SQL Server Versions 7 – 2012 used the same cardinality estimation model 70.  In SQL Server 2014, a redesigned, revamped, cardinality estimator model 120 was introduced. Further improvements were made in SQL Server 2016 which uses cardinality esimation model 130. Notice how the CE (Cardinality Estimation) model versions tie in nicely with the database compatibility levels.  Confirming the CE version used for a given query can be accomplished by checking the CardinalityEstimationModelVersion attribute in an execution plan.

The demos/examples in this post use Microsoft’s new sample database WideWorldImporters and the intention behind the sample code provided is so the reader can follow along and see the differences in cardinality estimates under the different models for themselves.

Statistics Terminology & Definitions

Statistic objects in SQL Server are light-weight objects containing statistical information about the distribution of values in one or more columns.  Statistics are used to calculate cardinality estimates during optimisation allowing the query optimiser to generate efficient query execution plans.

Density is a measure of the uniqueness of the data in a column(s).
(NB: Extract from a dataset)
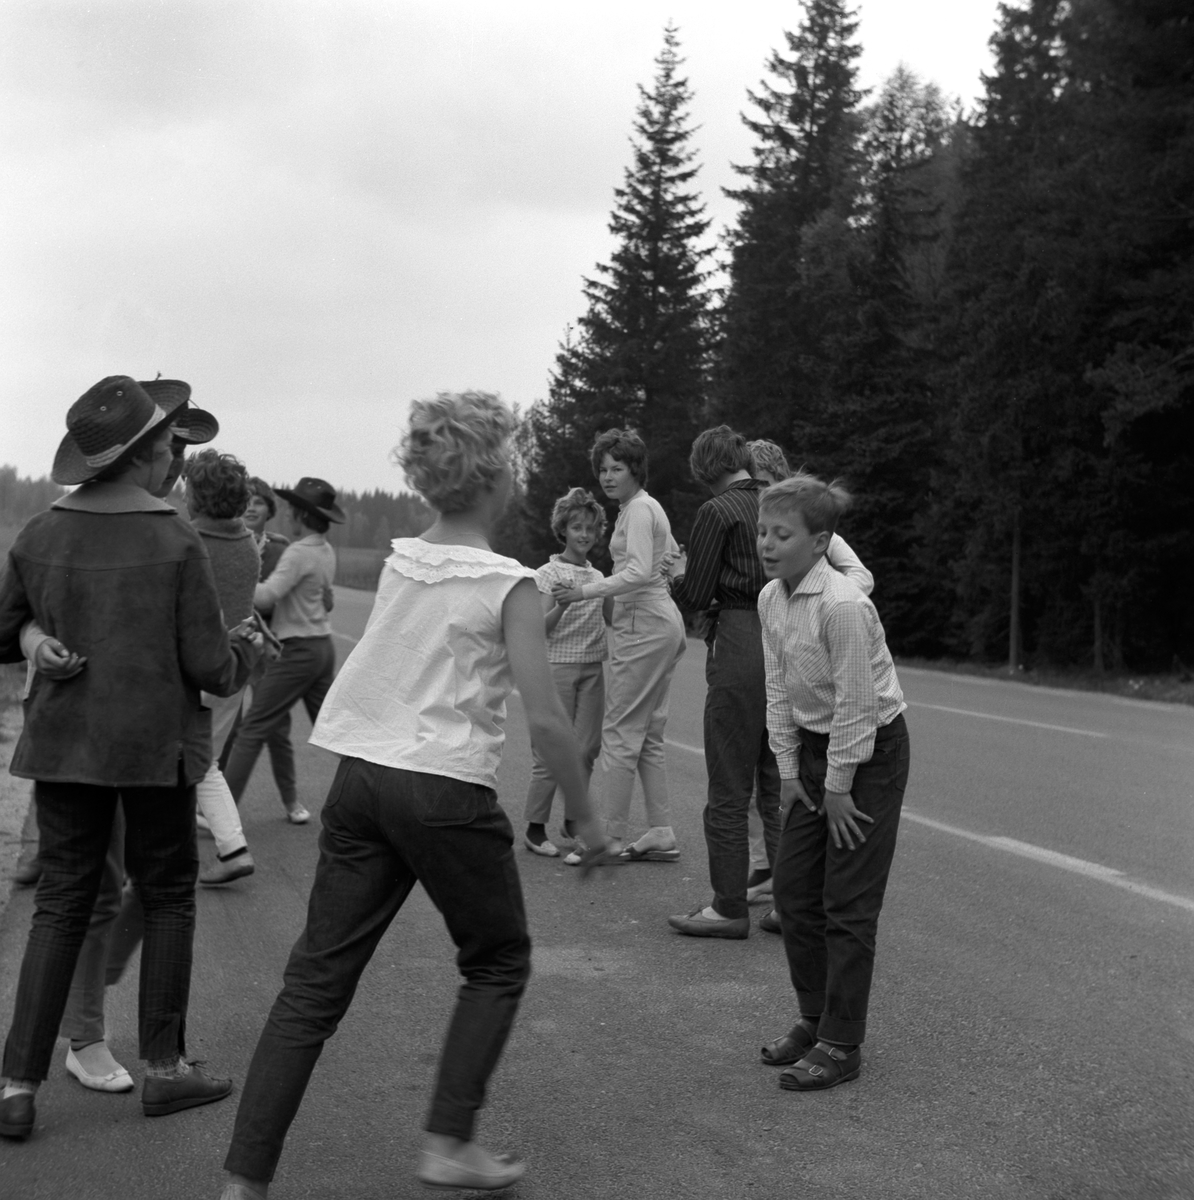 År 1961 på våren är klass 6 från Österängsskolan i Jönköping på skolresa i Småland tillsammans med sin lärare Göte Ohlsson. Här på väg till Lindhammars glasbruk. Efter att ha suttit stilla i bussen behöver man röra på sig, så det blir en liten danspaus på en rastplats.
På Österängsskolan var det tradition att man i 4:an åkte till Vadstena och Omberg, i 5:an till Västergötland (Falbygden, Skara, Varnhem) och i 6:an en resa till glasbruk i Småland.

It is a ratio that shows just how many unique values there are within a given column, or set of columns. Highly dense columns aren’t very unique. Density is calculated as:
Density = 1 / ( # distinct values for column(s) )
Density = SELECT 1.0 / COUNT( DISTINCT [ColumnName] ) FROM [TableName];

Selectivity is a measure of the uniqueness of a given predicate. It is a number between 0 and 1, representing the fraction of rows in the table that pass the predicate. For example, if a predicate selects 12 rows from a table of 100 rows, the selectivity is (12/100) = 0.12. When a column is referred to as “highly selective” that usually means values aren’t repeating all that often, if at all. Selectivity for a filter predicate can be calculated as:
Selectivity = (# rows that pass the predicate) / (# rows in the table)

Cardinality is the number of rows returned by a query operator. Each operator in a query plan has an estimated cardinality (the number of rows the optimiser guessed that the operator would return) and an actual cardinality (the number of rows that the operator returned in actuality). You can see both by running a query with “SET STATISTICS PROFILE ON” or by capturing the actual execution plan.

Data Skew is the uneven distribution of data within a column.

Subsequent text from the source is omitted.